Segment Start: Given information

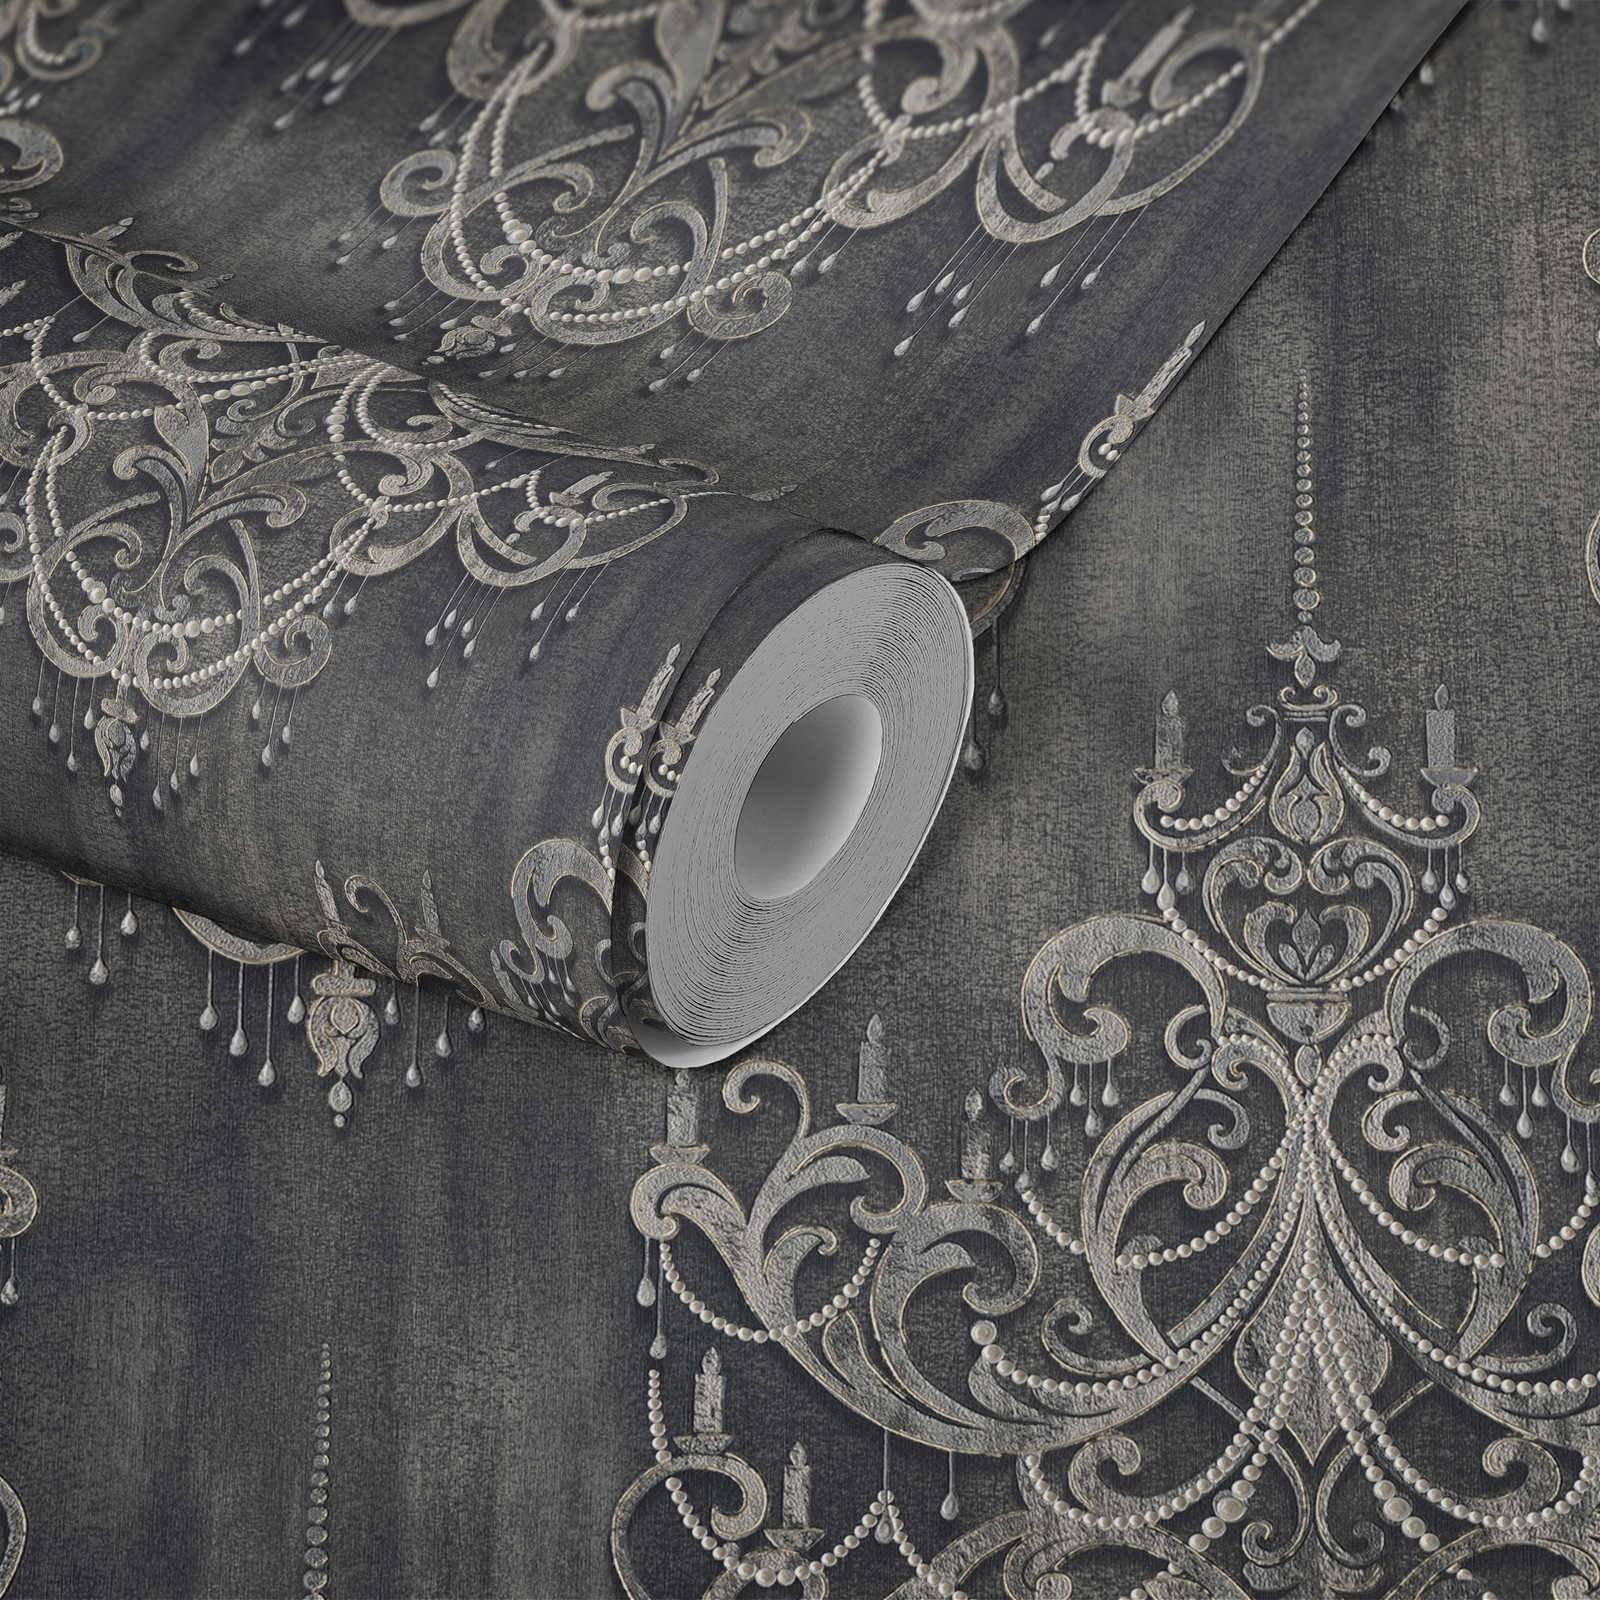             Zwart behang parelmoer patroon, ornamenten & metallic effect
        
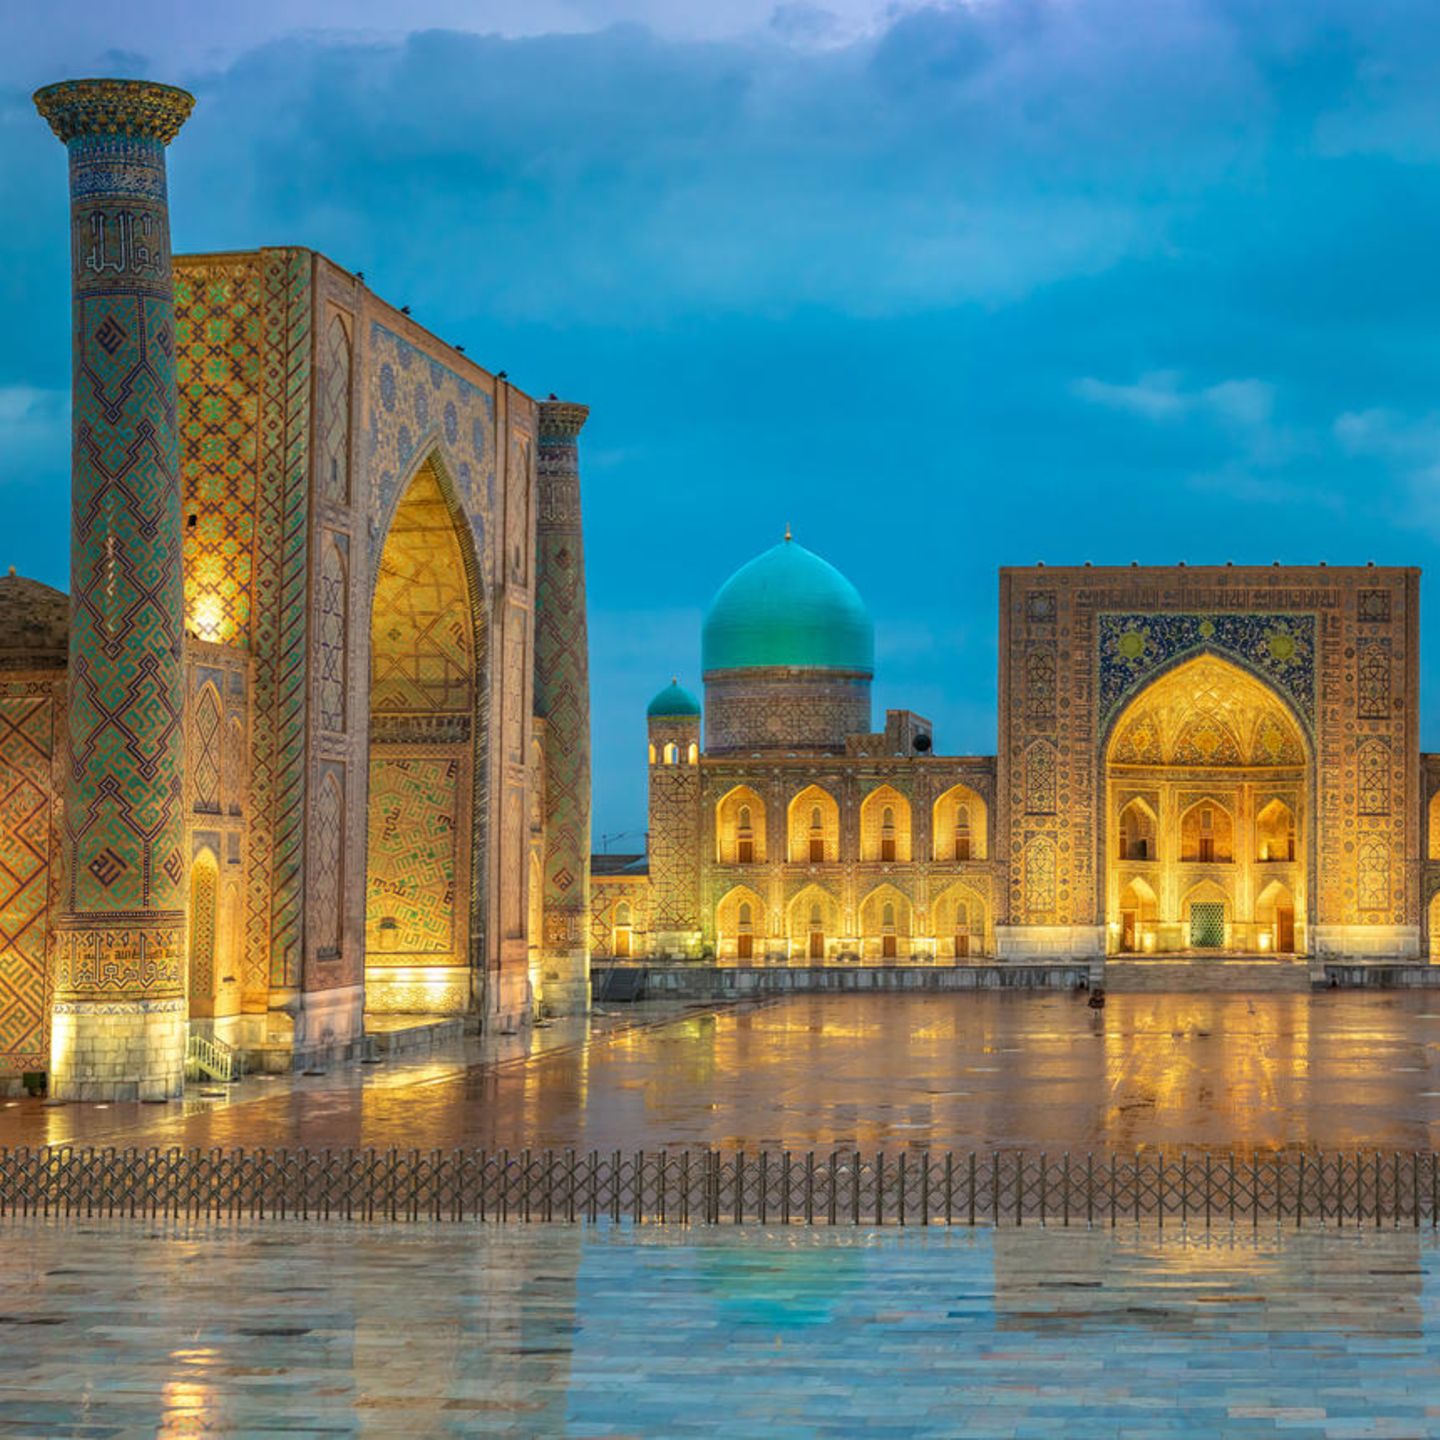 Der Registan in Samarkand, Usbekistan
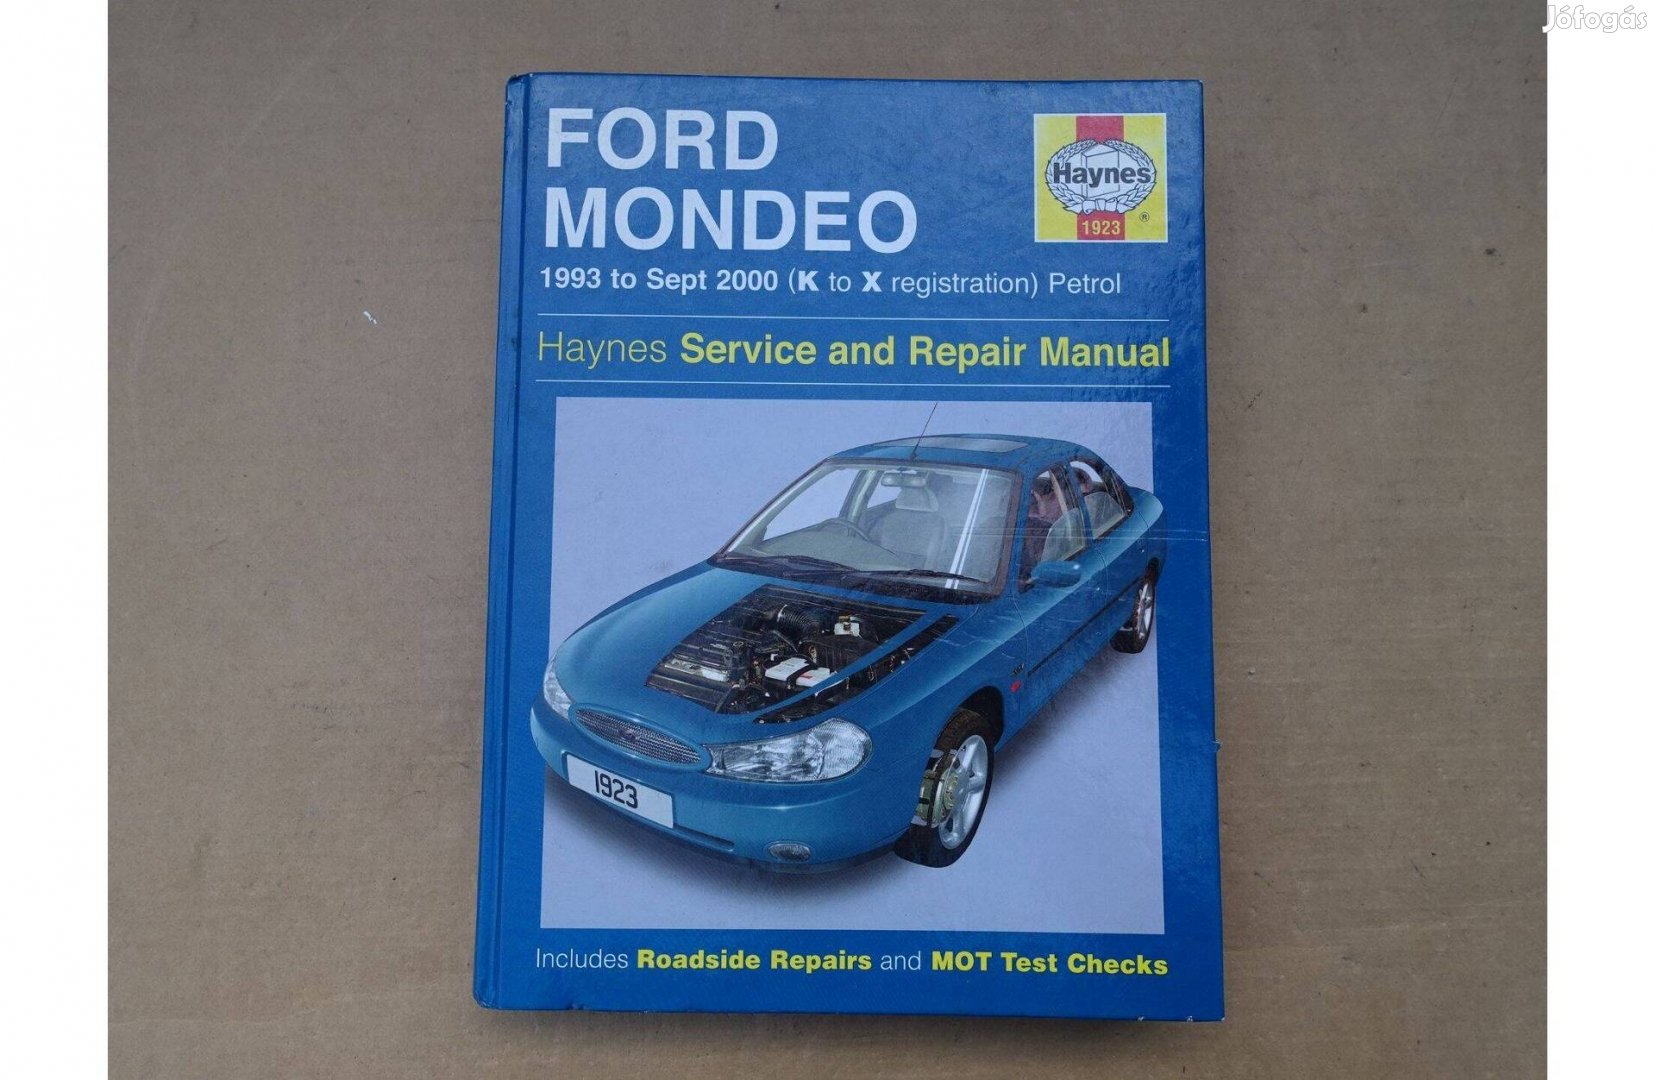 Ford Mondeo Haynes benzines javítási könyv (1993-2000)

Segment End: Given information

> [About this task]
The pictures stay out; copy the rest of the data word for word.

> [Answer to this exercise]
             Zwart behang parelmoer patroon, ornamenten & metallic effect
        
 Der Registan in Samarkand, Usbekistan
 Ford Mondeo Haynes benzines javítási könyv (1993-2000)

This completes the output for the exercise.